Strona Główna AMERYKANY.COM
Tylko prawdziwe amerykańskie bryki, palenie gumy, bulgot V8 i cruzowanie ku zachodowi słońca!

FAQFAQ  SzukajSzukaj  UżytkownicyUżytkownicy  GrupyGrupy
RejestracjaRejestracja  ZalogujZaloguj  AlbumAlbum

Poprzedni temat «» Następny temat
Od zera do bohatera..czyli historia mojego Wranglera
Autor Wiadomość
Stebel 

Wiek: 45
Dołączył: 21 Paź 2012
Posty: 12
Skąd: NV, USA
Wysłany: 2012-10-22, 08:43   Od zera do bohatera..czyli historia mojego Wranglera

Wranglera kupilem w pazdzierniku 2004 roku. Jest to wersja Sahara z 2000 roku.

Przejezdzilem nim cala zime bez modyfikacji zbierajac kase i pomysly na rozbudowe.
Postanowilem zainstalowac lift zawieszenia Rubicon Express 3.5 cala Super Flex z amorkami OME

Tu porownanie nowyh i starych amorkow

Do kompletu z zawieszeniem doszly nowe kola z 35 calowymi oponami goodyear MT/R, a co za tym idzie musial byc wzmocniony uklad kierowniczy. Fabryczne czesci zastapilem zestawem Heavy duty firmy Currie.Na tej fotce jest porownania tego zestawu z fabrycznymi czesciami

Podnioslem tez bude i silnik o cal przy pomocy zestawu formu M.O.R.E.

Dokupilem tez regulowane rozpinane laczniki stabilizatora przedniego firmy JKS

Przy okazji zainstalowalem tez oslony mostow firmy Warn i nowy stabilizator skretu.

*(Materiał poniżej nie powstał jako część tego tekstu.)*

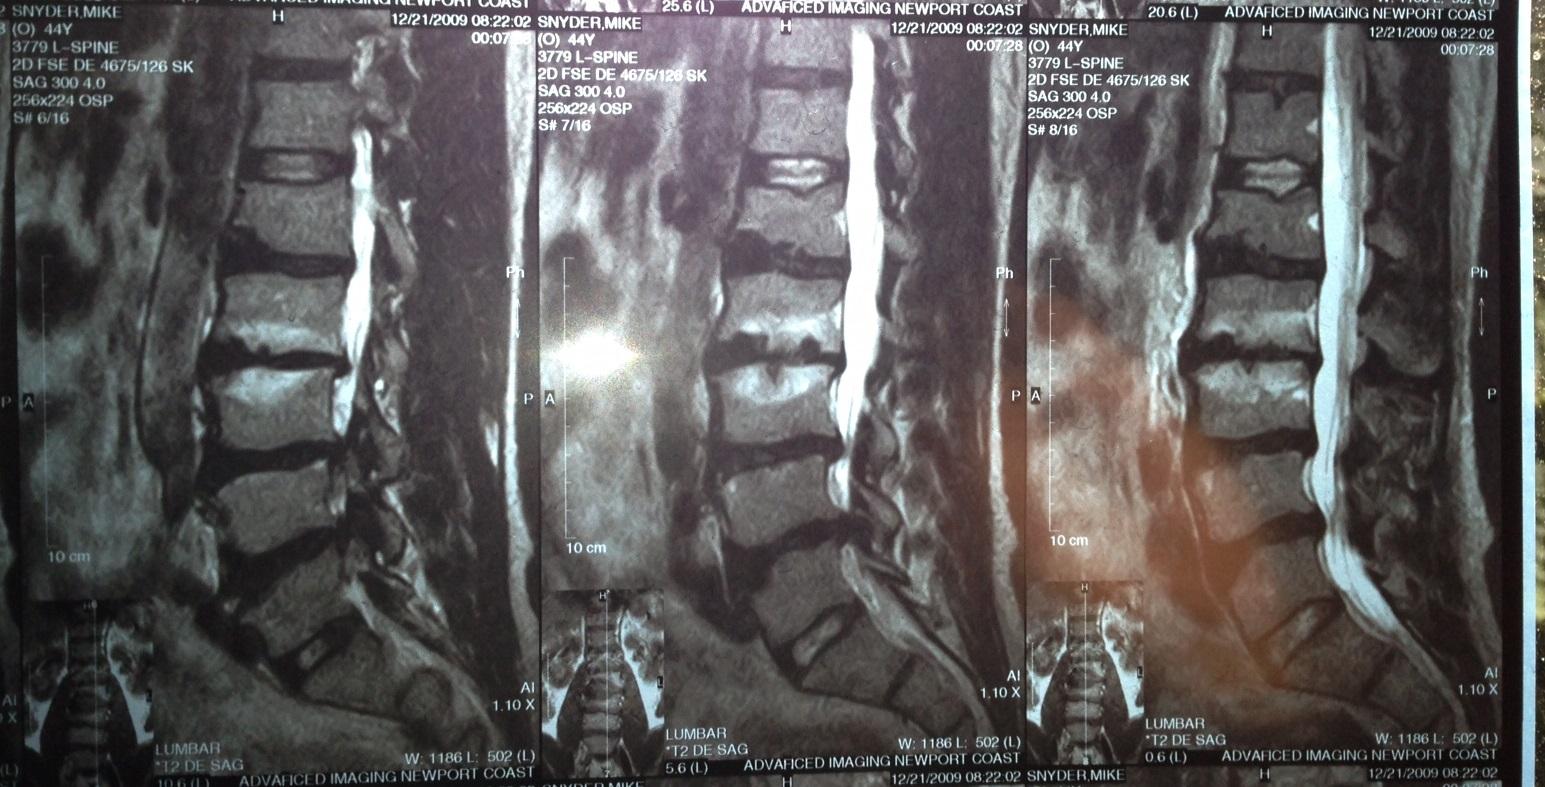 Dr. Mike's Lumbar MRI - 4 herniated discs
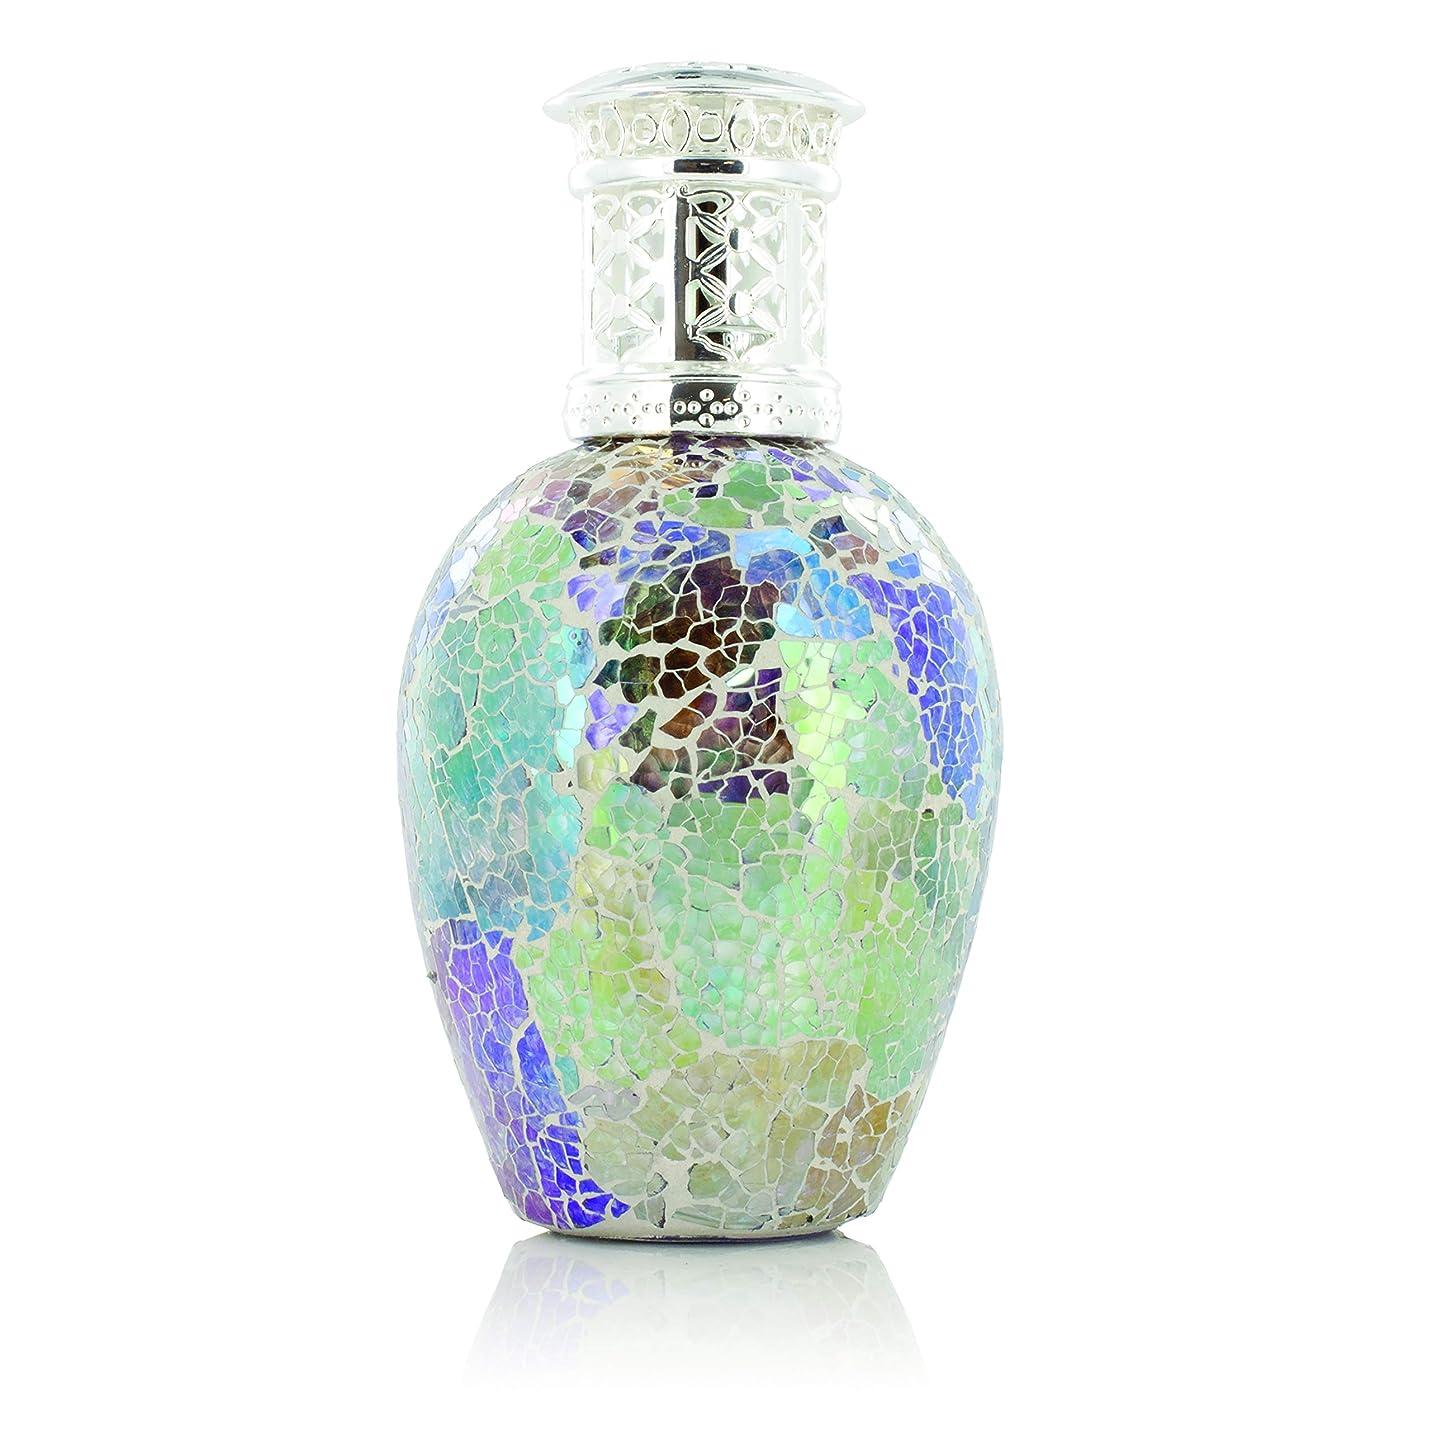 明確な周辺欲しいですAshleigh&Burwood アシュレイ&バーウッド Fragrance Lamps size L フェアリーダスト

W celu wzmocnienia progow zainstalowalem ochrony firmy Shrockworks ktore wczesniej musialem pomalowac

Operacja zmiany zawieszenia zajela mi 3 dni. Wszystko poszlo w miare gladko nie liczac kilku srub w ukladzie kierowniczym ktore nie bardzo chcialy sie odkrecic. Z pomoca przyszedl mlotek, wiertarka i flex :D

Kolejne fazy remontu :D


i efekt koncowy:

A tu obok Jeepa z fabrycznym zawieszeniem i 30 calowymi oponami:

Te zdjecia zostaly zrobione kilka tygodni po pierwszej fazie zmian w jeepie.

A to zdjecia z pierwszej proby wykrzyzu


Pierwszy test nowa zawiecha przeszla w kultowym dla wszystkich maniakow offroadu Moab.

Niestety wyprawa do Moab pokazala ze opuszczenie reduktora nie daje za wiele w walce z wibracjami i zdecydowalem dokupic zestaw SYE i nowy tylny wal CV do Toma Woodsa... do tego regulowane gorne tylne wahaczenowe i nowe mocowania amotryzatorow zeby ustawic odpowiedni kat tylnego mostu. Instalacja tego zestawu byla dziecinnie prosta i zajela mi okolo 4 godziny.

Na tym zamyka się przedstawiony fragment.